Neelamani, Dash and Baraniuks heuristic algorithm [5] is as follows:

  1. (i)

    Obtain bases \(B_i\) for the lattices \(\mathcal {L}_i\), \(i=1,2,\cdots ,k\). Construct a weakly \(\left( \frac{\pi }{3}+\epsilon \right) \)-orthogonal basis \(B_i\) for at least one lattice \(\mathcal {L}_i,\) \(i\in \{1,2,\cdots ,k\}.\)

  2. (ii)

    Compute \(\kappa (B_i)\).

  3. (iii)

    For every unimodular matrix \(U_i\) satisfying constraints 1,3 and 4, go to step (iv).

  4. (iv)

    For chosen in step (iii), test if there exit unimodular matrices \(U_j\) for each \(j=1,2,\cdots ,k\), \(j\ne l\) that satisfy constraint 2. If such collection of matrices exists, then return this collection; otherwise go to step (iii).

3.3 Our Improvement

What we want to do is to improve the algorithm that Neelamani, Dash and Baraniuk [5] solved the JPEG CHEst problem. The algorithm used in [5] is heuristic, because in the step (i), constructing a weakly \(\left( \frac{\pi }{3}+\epsilon \right) \)-orthogonal basis \(B_i\) for at least one lattice \(\mathcal {L}_i\), \(i\in \{1,2,\cdots ,k\}\) is uncertain. Using the property of orthogonal defect of the color-transform matrix C, we can exactly construct a \(\left( \frac{\pi }{3}+\epsilon \right) \)-orthogonal basis \(B_i\) for every lattice \(\mathcal {L}_i\), \(i\in \{1,2,\cdots ,k\}.\)

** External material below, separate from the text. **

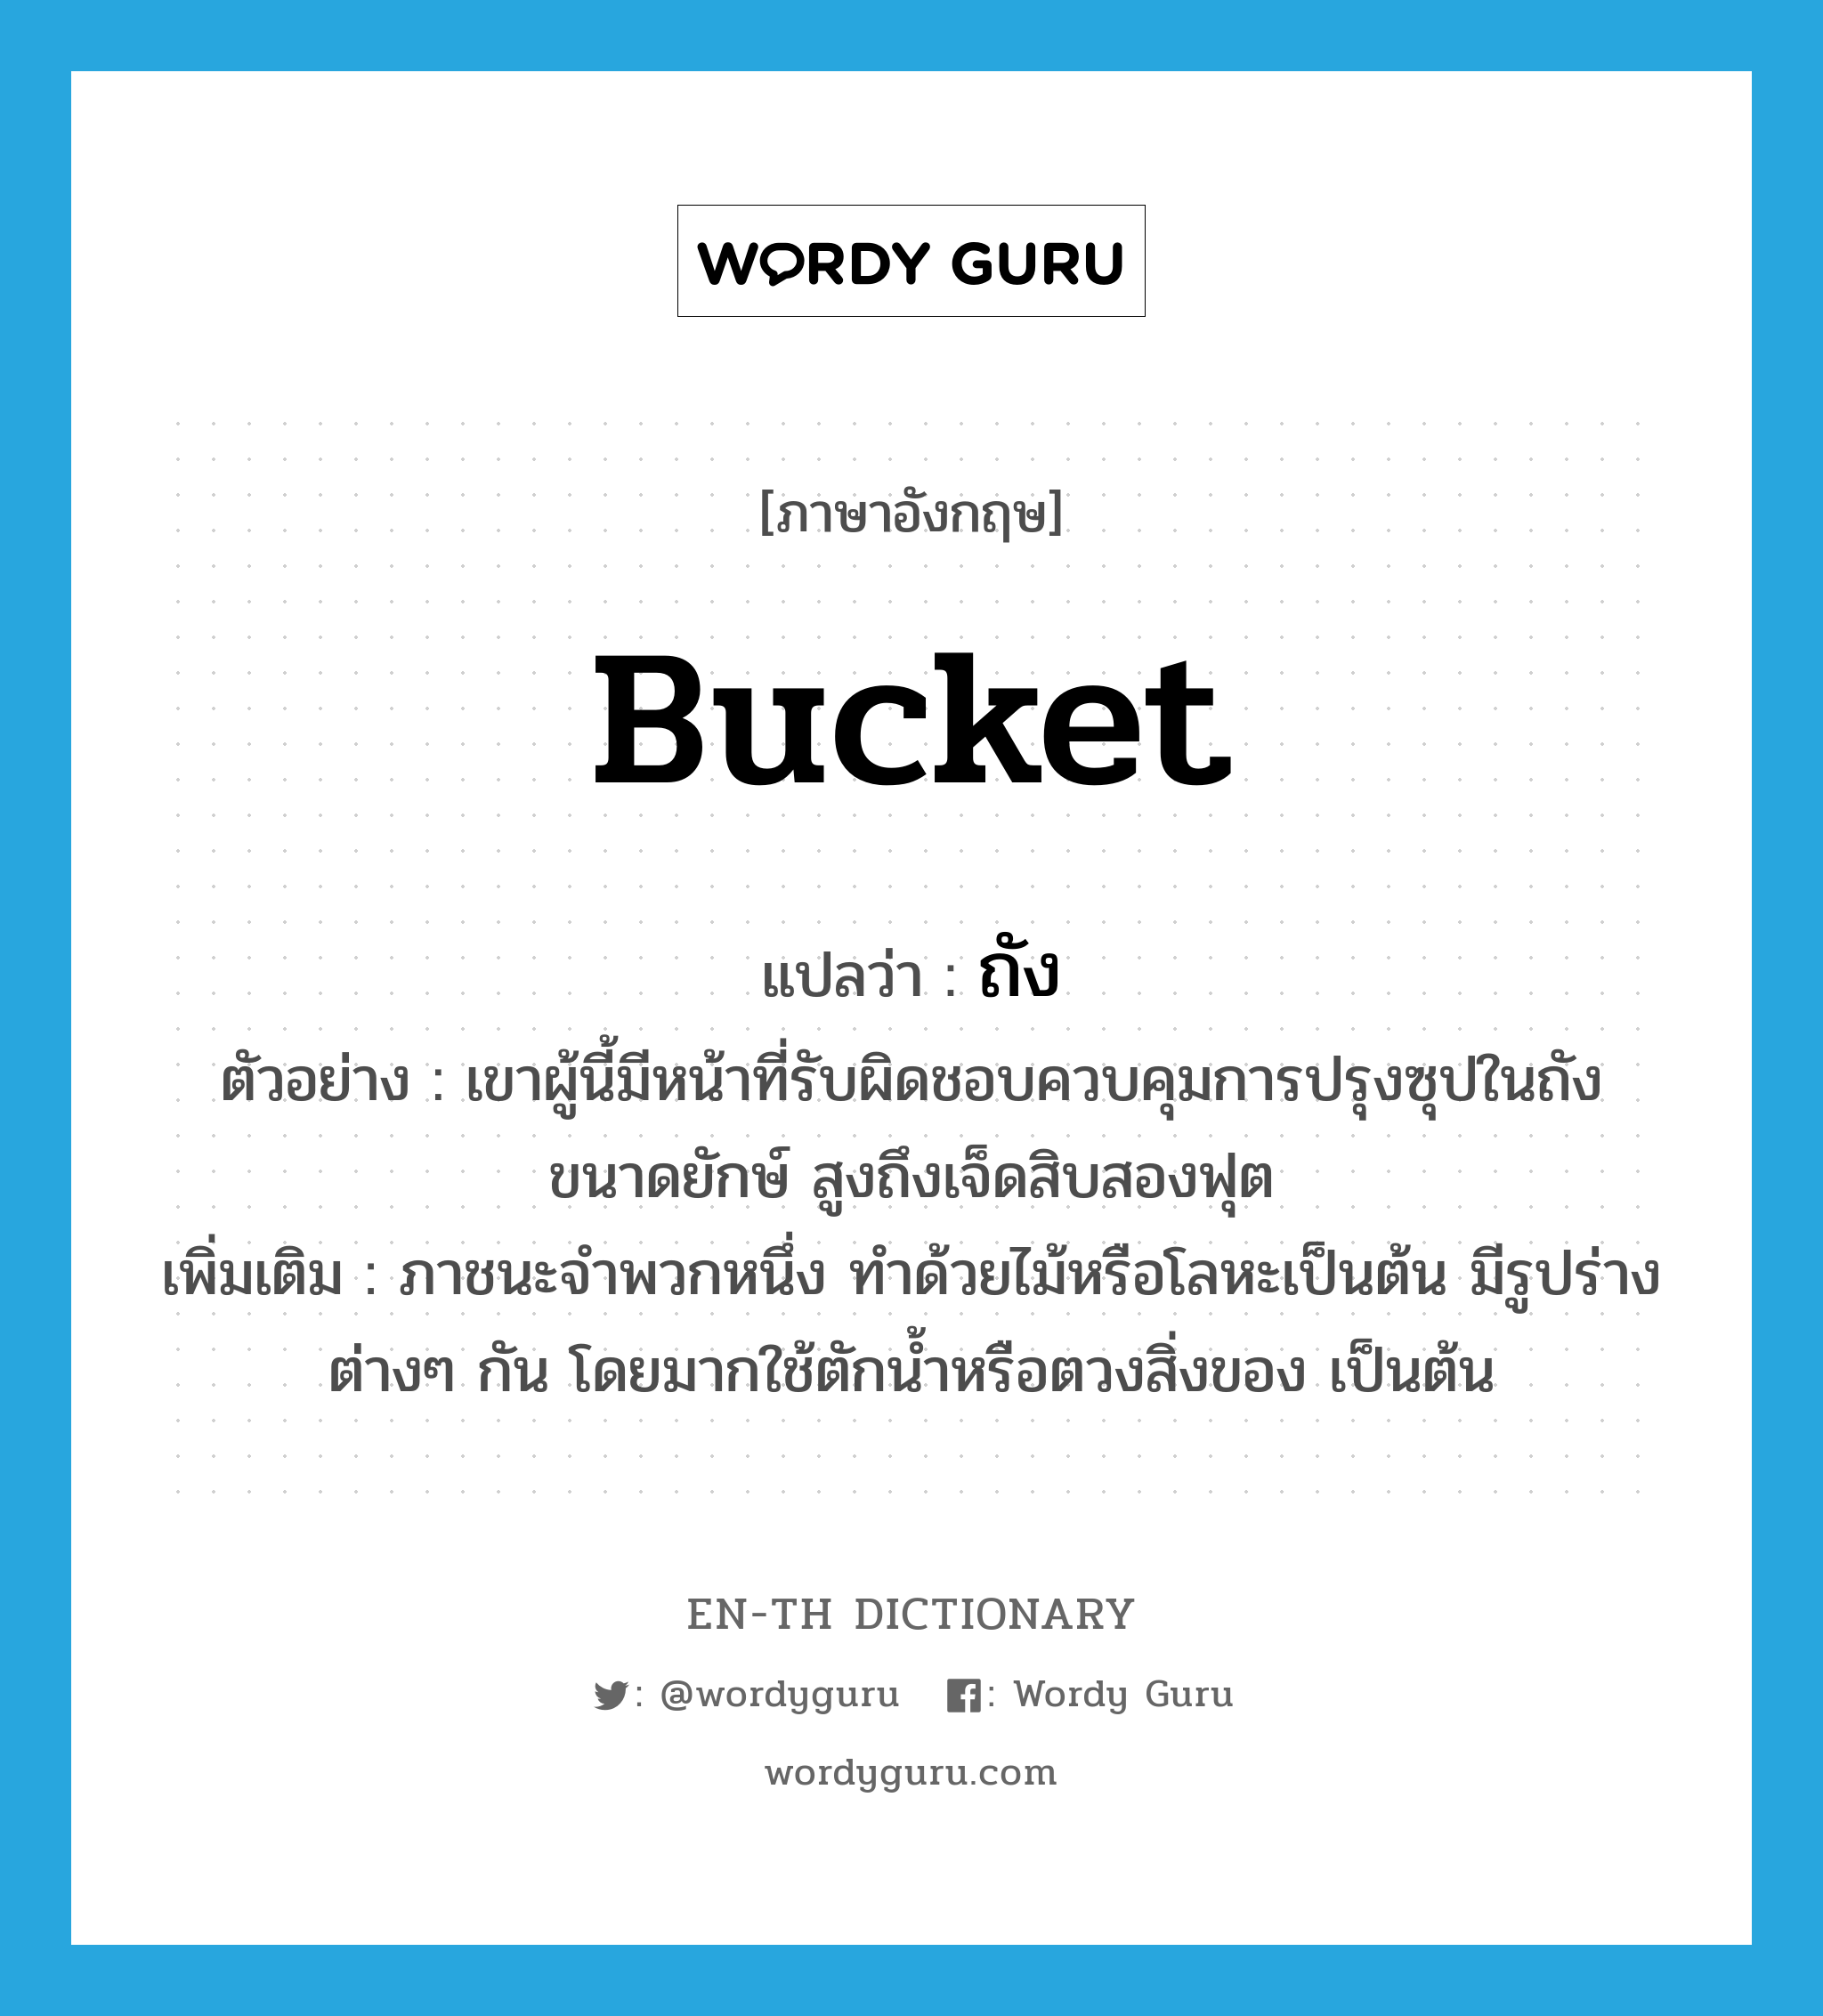 bucket แปลว่า?, คำศัพท์ภาษาอังกฤษ bucket แปลว่า ถัง ประเภท N ตัวอย่าง เขาผู้นี้มีหน้าที่รับผิดชอบควบคุมการปรุงซุปในถังขนาดยักษ์ สูงถึงเจ็ดสิบสองฟุต เพิ่มเติม ภาชนะจำพวกหนึ่ง ทำด้วยไม้หรือโลหะเป็นต้น มีรูปร่างต่างๆ กัน โดยมากใช้ตักน้ำหรือตวงสิ่งของ เป็นต้น หมวด N

Neelamani, Dash and Baraniuk [5] have verified that all C’s used in practice are weakly \(\left( \frac{\pi }{3}+\epsilon \right) \)-orthogonal, with \(0<\epsilon \leqslant \frac{\pi }{6}\), while we have verified that all C’s used in practice whose orthogonal defect is less than \(\frac{2}{\sqrt{3}}.\) By Theorem 6, we find that the Minkowski-reduced basis of lattice spanned by all C’s used in practice is \(\left( \frac{\pi }{3}+\epsilon \right) \)-orthogonal. We can use the greedy algorithm to find the Minkowski-reduced basis of the lattice. From now on, the algorithm becomes a deterministic algorithm. And because C’s used in practice whose orthogonal defect is less than \(\frac{2}{\sqrt{3}}\), we can change constraint 1 as follows: the \(U_i\)’s are such that \(B_iU_i^{-1}\)’s orthogonal defect is less than \(\frac{2}{\sqrt{3}}\). In step (iii) of the algorithm in [5], besides satisfy the constraint 3 and constraint 4 at first, every unimodular matrix \(U_{ij}\) should satisfy the following constraint: every unimodular matrix \(U_{ij}\) by \(B_i\) is some basis \(M_i\) of lattice \(\mathcal {L}_i\), if \(M_i\)s orthogonal defect is less than \(\frac{2}{\sqrt{3}}\), then go on to test the other constraints, otherwise discard the \(U_{ij}.\) Add the constraint, we will greatly reduce the number of the unimodular matrix tested.

4 Conclusion

In this paper, we derived some interesting relations among Minkowski-reduced basis, orthogonal defect and nearly orthogonal lattice basis. We prove that the angle between Minkowski-reduced basis vectors is in \(\left[ \frac{\pi }{3},\frac{2\pi }{3}\right] \), and if the orthogonal defect of 3-dimension lattice \(\mathcal {L}\) is less than \(\frac{2}{\sqrt{3}}\), the Minkowski-reduced basis of the lattice is \(\frac{\pi }{3}\)-orthogonal. We use the property of the Minkowski-reduced basis to improve the algorithm in [5] by removing the heuristic hypothesis, thus our algorithm is deterministic. We also use the orthogonal defect to constraint the unimodular matrix to greatly reduce the number of the unimodular matrix that should be tested next.